Here is an example using for loops:
//: c03:LabeledFor.java
// Java's "labeled for" loop.
import com.bruceeckel.simpletest.*;
public class LabeledFor {
static Test monitor = new Test();
public static void main(String[] args) {
int i = 0;
outer: // Can't have statements here
for(; true ;) { // infinite loop
inner: // Can't have statements here
for(; i < 10; i++) {
System.out.println("i = " + i);
if(i == 2) {
System.out.println("continue");
continue;
}
if(i == 3) {
System.out.println("break");
i++; // Otherwise i never
// gets incremented.
break;
}
if(i == 7) {
System.out.println("continue outer");
i++; // Otherwise i never
// gets incremented.
continue outer;
}
if(i == 8) {
System.out.println("break outer");
break outer;
}
for(int k = 0; k < 5; k++) {
if(k == 3) {
System.out.println("continue inner");
continue inner;
}
}
}
}
// Can't break or continue to labels here
monitor.expect(new String[] {
"i = 0",
"continue inner",
"i = 1",
"continue inner",
"i = 2",
"continue",
"i = 3",
"break",
"i = 4",
"continue inner",
"i = 5",
"continue inner",
"i = 6",
"continue inner",
"i = 7",
"continue outer",
"i = 8",
"break outer"
});
}
} ///:~
Note that break breaks out of the for loop, and that the increment-expression doesn’t occur until the end of the pass through the for loop. Since break skips the increment expression, the increment is performed directly in the case of i == 3. The continue outer statement in the case of i == 7 also goes to the top of the loop and also skips the increment, so it too is incremented directly.
If not for the break outer statement, there would be no way to get out of the outer loop from within an inner loop, since break by itself can break out of only the innermost loop. (The same is true for continue.)
Of course, in the cases where breaking out of a loop will also exit the method, you can simply use a return.
Here is a demonstration of labeled break and continue statements with while loops:
//: c03:LabeledWhile.java
// Java's "labeled while" loop.
import com.bruceeckel.simpletest.*;
public class LabeledWhile {
static Test monitor = new Test();
public static void main(String[] args) {
int i = 0;
outer:
while(true) {
System.out.println("Outer while loop");
while(true) {
i++;
System.out.println("i = " + i);
if(i == 1) {
System.out.println("continue");
continue;
}
if(i == 3) {
System.out.println("continue outer");
continue outer;
}
if(i == 5) {
System.out.println("break");
break;
}
if(i == 7) {
System.out.println("break outer");
break outer;
}
}
}
monitor.expect(new String[] {
"Outer while loop",
"i = 1",
"continue",
"i = 2",
"i = 3",
"continue outer",
"Outer while loop",
"i = 4",
"i = 5",
"break",
"Outer while loop",
"i = 6",
"i = 7",
"break outer"
});
}
} ///:~
The same rules hold true for while:
- A plain continue goes to the top of the innermost loop and
continues.
- A labeled continue goes to the label and reenters the loop right
after that label.
- A break “drops out of the bottom” of the loop.

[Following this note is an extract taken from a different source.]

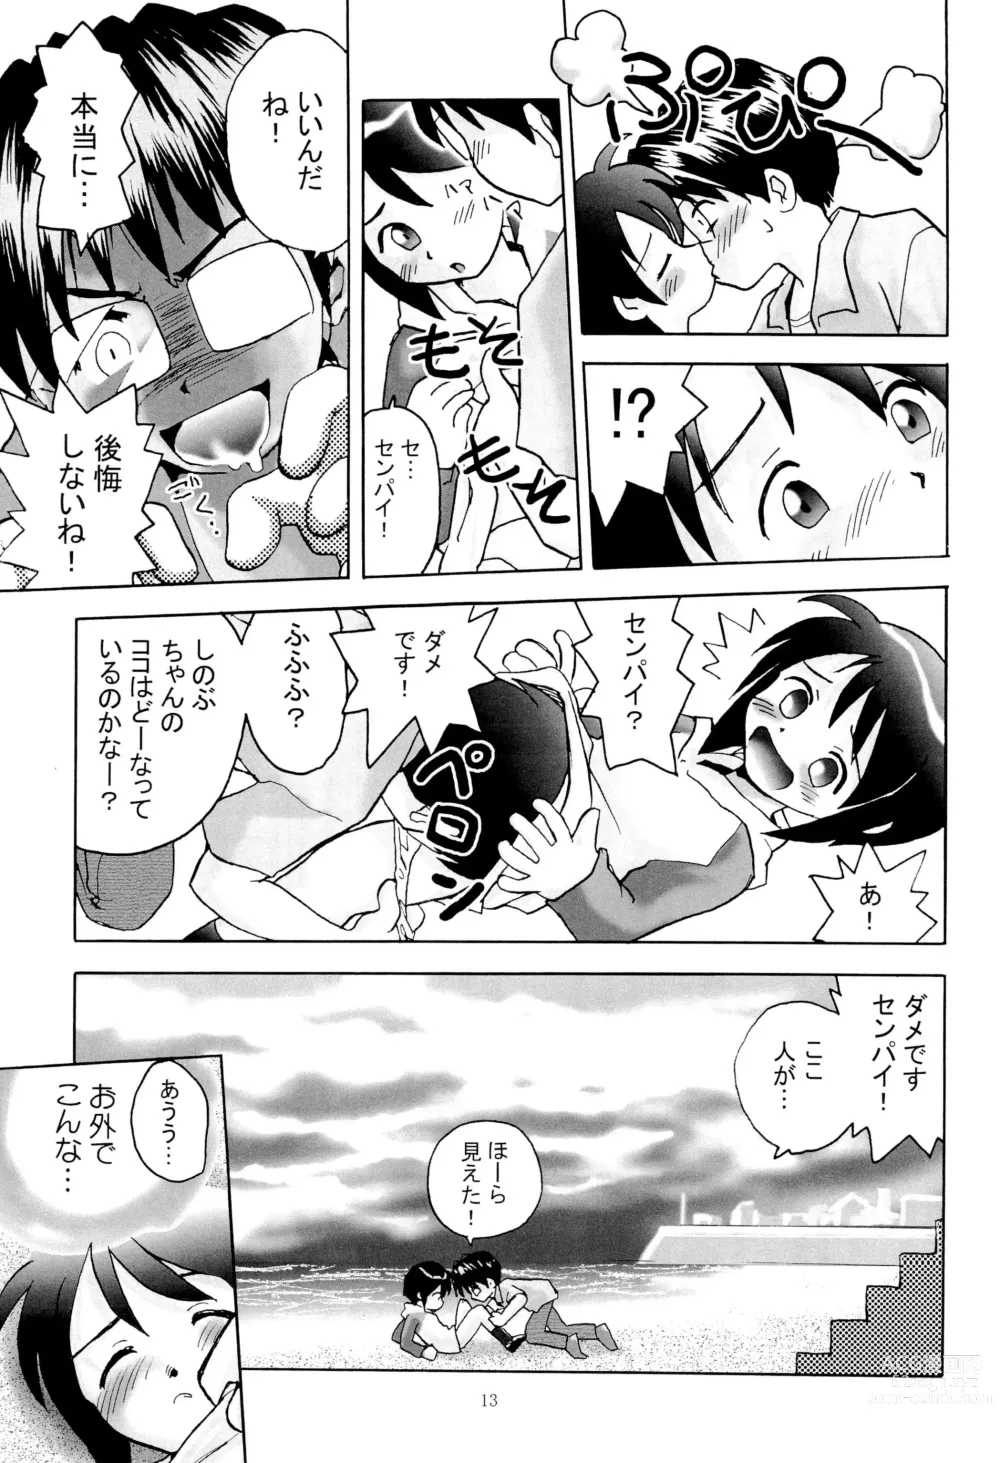 Page 15 of doujinshi Shino Buna
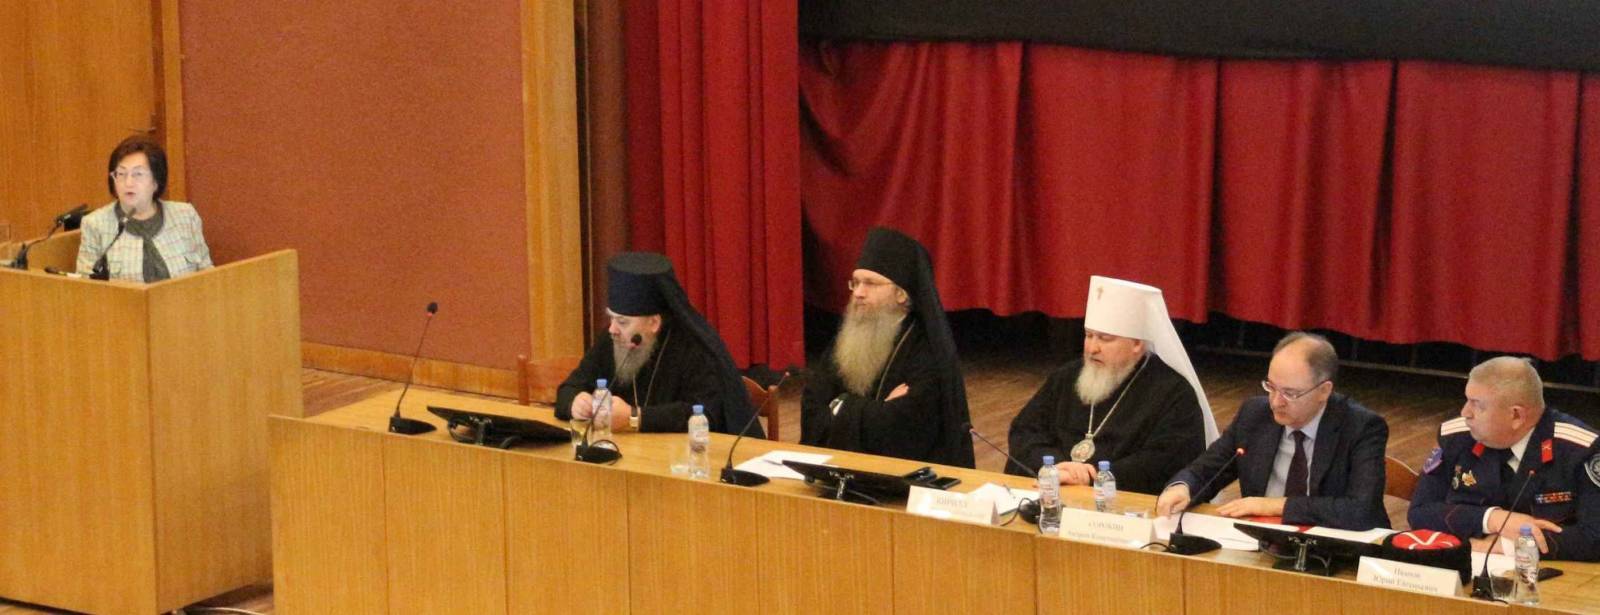 Владыка Елисей принял участие в научной конференции по Казачеству.

- A labeled break drops out of the bottom of the end of the loop
denoted by the label.
It’s important to remember that the only reason to use labels in Java is when you have nested loops and you want to break or continue through more than one nested level.
In Dijkstra’s “goto considered harmful” paper, what he specifically objected to was the labels, not the goto. He observed that the number of bugs seems to increase with the number of labels in a program. Labels and gotos make programs difficult to analyze statically, since it introduces cycles in the program execution graph. Note that Java labels don’t suffer from this problem, since they are constrained in their placement and can’t be used to transfer control in an ad hoc manner. It’s also interesting to note that this is a case where a language feature is made more useful by restricting the power of the statement.